July 2010
M T W T F S S
« Jun    
 1234
567891011
12131415161718
19202122232425
262728293031  

Mike Elgan Thinks You Need a Kindle Too

There’s a few different profiles for Windoz apologists, but one common trait in their writing that’s hilariously easy to spot is what I like to call the “yes, but”. “Apple product x is great, but there’s a few things that make this similar product running Windows CE better for you”

Mike Elgan is a veteran FUDster. We know this because he writes for Computerworld. Roughly Drafted Magazine’s Daniel Eran Dilger awarded Elgan the prestigeous Zoon Award for “…his disingenuous, desperately sensationalist, and outrageously disgusting (Apple) misinformation campaign.”

Elgan’s take on the “yes, but” appeared in Macworld, of all places (note TMA’s prescient observation about lousy guest pieces). Entitled Why iPad Owners Need a Kindle Too, Elgan shares a number of compelling reasons why owners of a device that does 10 times what a Kindle does – still needs a Kindle.
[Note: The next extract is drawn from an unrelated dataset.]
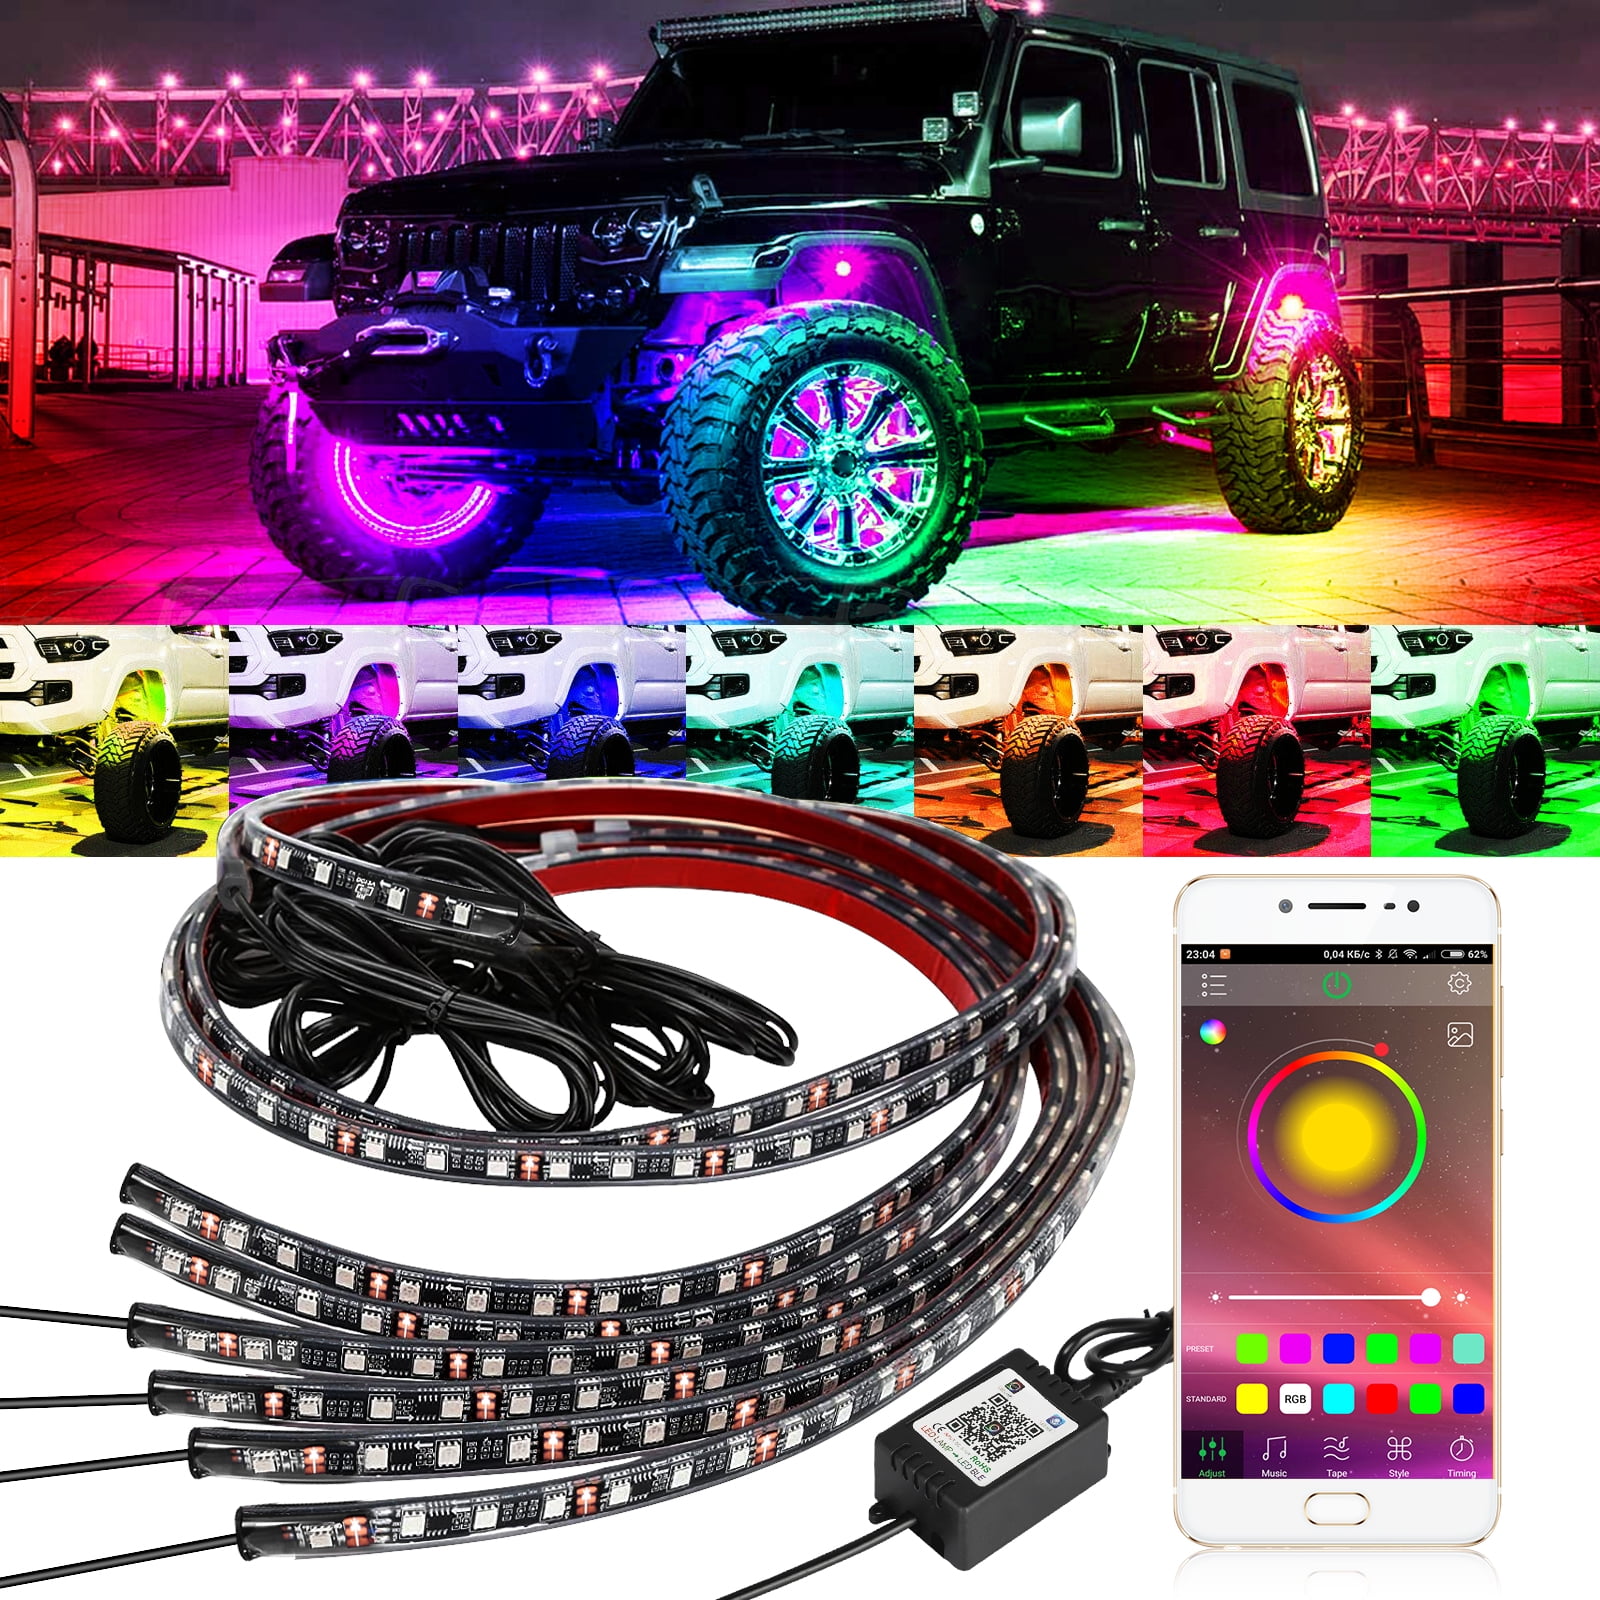 POWLAB Undercar Light,4Pcs Car LED Neon Glow Light Atmosphere Decorative Light Strip,Underbody System Waterproof Tube RGB 8 Color Sound Active Function with Wireless Remote Control

And by compelling, I mean puzzling. I don’t link to retards, but Mike’s “reasons” group nicely into themes, which make rebutting them easy.

Why I Don’t Take My iPad to the Beach (1. Reading in the Sun, 2. Overheating, 3. Security)

If you’re at the beach reading an eBook and you’re not under an umbrella, you’re a moron. If you’re at the beach reading an eBook, you’re probably still a moron.

Availability (6. Book Availability, 7. Magazine Availability)

6. There’s a Kindle app, so all of Amazon’s shitty dead-media replicants are all available on the iPad.

7. Reading black-and-white copy of old-fart cracker magazines like The New England Journal of Medicine and Foreign Affairs on your Kindle < reading magazines for people under 80 in color. The legitimate beef he could have mentioned – the retarded magazine app price points – is not mentioned. This is also classic apologist: leaving a legitimate Apple knock on the table when there’s a far less credible, but sensational point to be made.

Issues that Exist Only in Mike Elgan’s Bizarro Universe (4. Reading before Sleep, 5. Battery Life, 8. Weight, 11. Multitasking)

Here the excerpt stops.